My country freed itself from one evil. I wish
another liberation would follow.
Could I help in this? I don’t know.
I’m truly not a child of the ocean,
as Antonio Machado wrote about himself,
but a child of air, mint and cello
and not all the ways of the high world
cross paths with the life that—so far—
belongs to me.
(Adam Zagajewski (translated by Clare Cavanagh) [source])
…and (italicized sentences):
I have a limited stock of furniture which constitutes the materiel of my pictures. My pictorial vocabulary is limited to one tree, one house, one flower, one sky, one face; with these I render the infinite variety of trees, houses, flowers, skies and faces which exist in nature. You see, I know nothing about drawing. I couldn’t even copy a drawing until the year 1926 or ’27. Then, by accident one day, I discovered that I was able to make a likeness of George Grosz, whose self-portrait I had found on the cover of one of his albums. From that day I took pleasure in using pencil and brush. On good days I can draw with a cleaver. I don’t go in for likenesses any more; I am satisfied with reality. Everyone has their own reality in which, if one is not too cautious, timid, or frightened, one swims. This is the only reality there is. If you can get it down on paper, in words, notes, or color, so much the better. The great artists don’t even bother to put it down on paper: they live with it silently, they become it.
(Henry Miller [source])
Not from whiskey river:
And when the day arrives for the final voyage
and the ship of no return is set to sail,
you’ll find me aboard, traveling light,
almost naked, like the children of the sea.
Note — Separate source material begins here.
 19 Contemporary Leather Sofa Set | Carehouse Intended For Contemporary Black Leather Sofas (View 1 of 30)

(Antonio Machado (translated by Mary G. Berg) [source])
…and:
Dreamy Child. I think [the Happy Prince] looks like an angel.
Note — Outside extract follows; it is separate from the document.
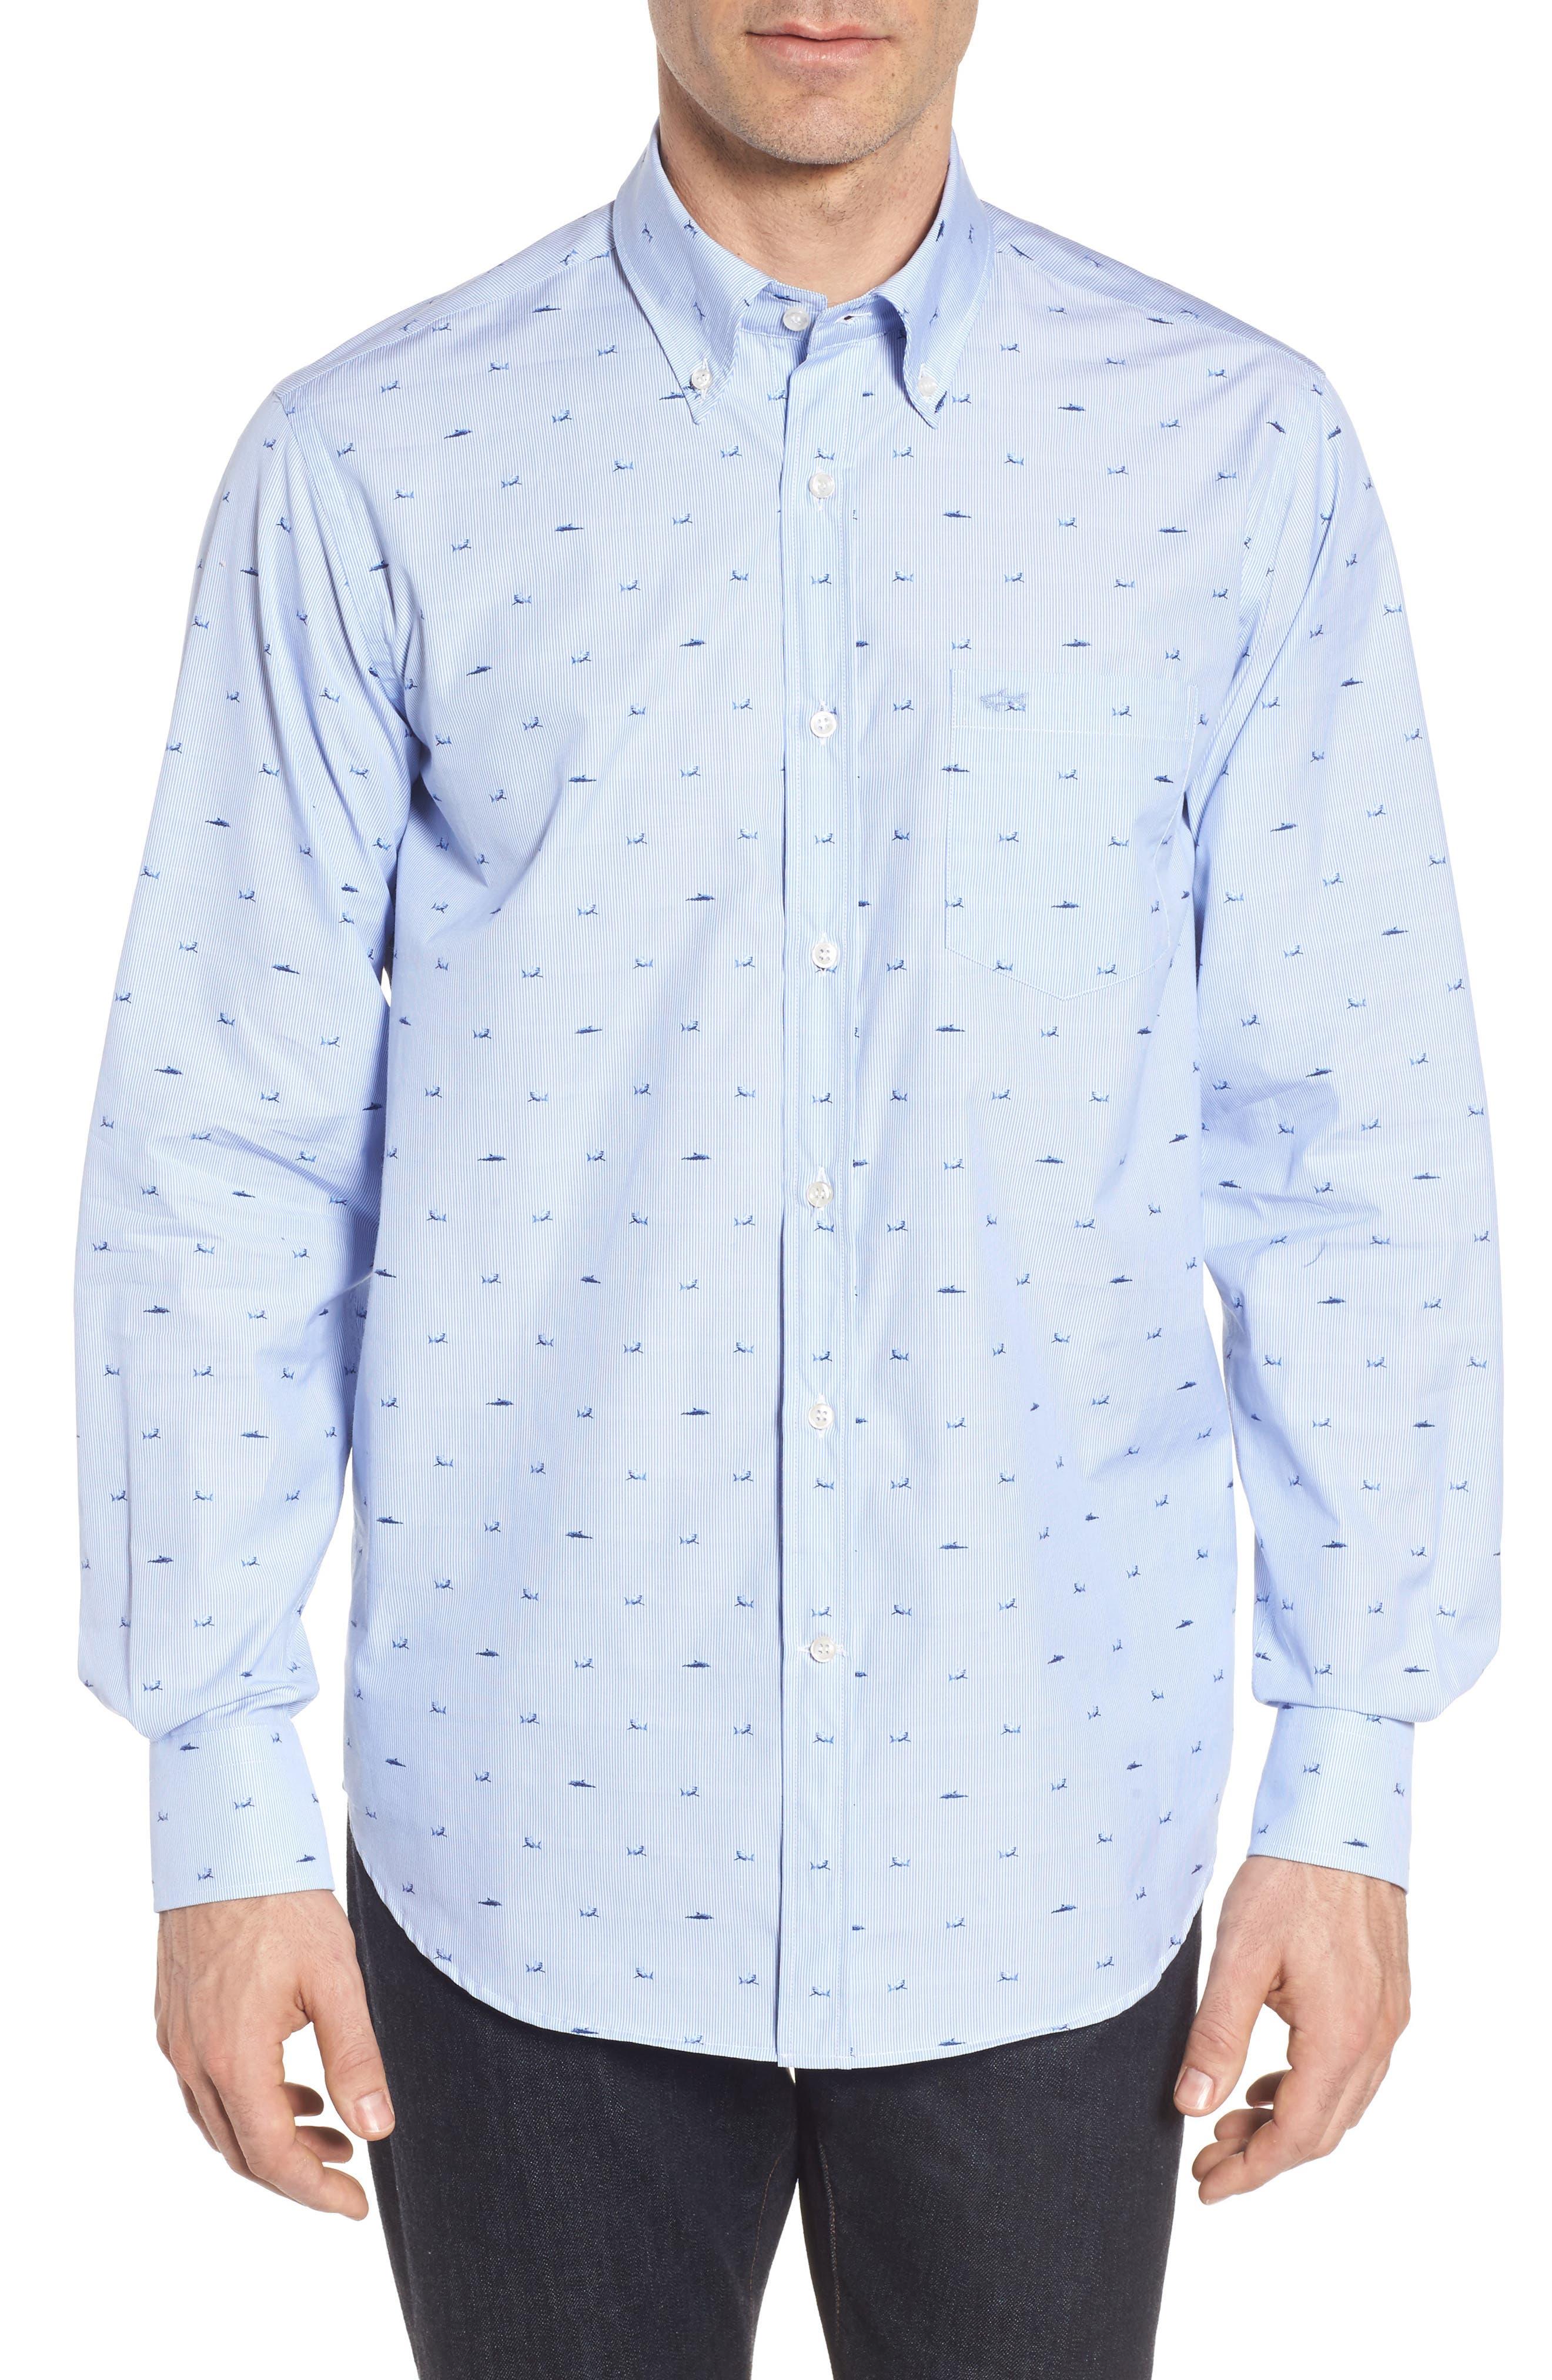 Paul&Shark Great White Jacquard Sport Shirt,                         Main,                         color,

Teacher. What Nonsense! How do you know what an angel looks like when you’ve never seen one.
Dreamy Child. I do know! I do! I’ve seen an angel in my dreams.
Teacher. You children should be far too tired to be dreaming — I can see I shall have to work you even harder. Come along now, back to school.
(David Perkins (per Oscar Wilde) [source] [see also here])
…and:
Everyone is born creative; everyone is given a box of crayons in kindergarten. Then when you hit puberty they take the crayons away and replace them with dry, uninspiring books on algebra, history, etc. Being suddenly hit years later with the “creative bug” is just a wee voice telling you, “I’d like my crayons back, please.”
(Hugh MacLeod [source])
…and:
I saw nothing but two small projecting ears lit by the morning sun. Beneath them, a small neat face looked shyly up at me. The ears moved at every sound, drank in a gull’s cry and the far horn of a ship. They crinkled, I began to realize, only with curiosity; they had not learned to fear. The creature was very young. He was alone in a dread universe. I crept on my knees […] and crouched beside him. It was a small fox pup from a den under the timbers who looked up at me. God knows what had become of his brothers and sisters. His parents must not have been home from hunting.
He innocently selected what I think was a chicken bone from an untidy pile of splintered rubbish and shook it at me invitingly… the universe was swinging in some fantastic fashion around to present its face and the face was so small that the universe itself was laughing.
It was not a time for human dignity. It was a time only for the careful observance of amenities written behind the stars. Gravely I arranged my forepaws while the puppy whimpered with ill-concealed excitement. I drew the breath of a fox’s den into my nostrils. On impulse, I picked up clumsily a whiter bone and shook it in teeth that had not entirely forgotten their original purpose. Round and round we tumbled for one ecstatic moment…
For just a moment I had held the universe at bay by the simple expedient of sitting on my haunches before a fox den and tumbling about with a chicken bone. It is the gravest, most meaningful act I shall ever accomplish, but, as Thoreau once remarked of some peculiar errand of his own, there is no use reporting it to the Royal Society.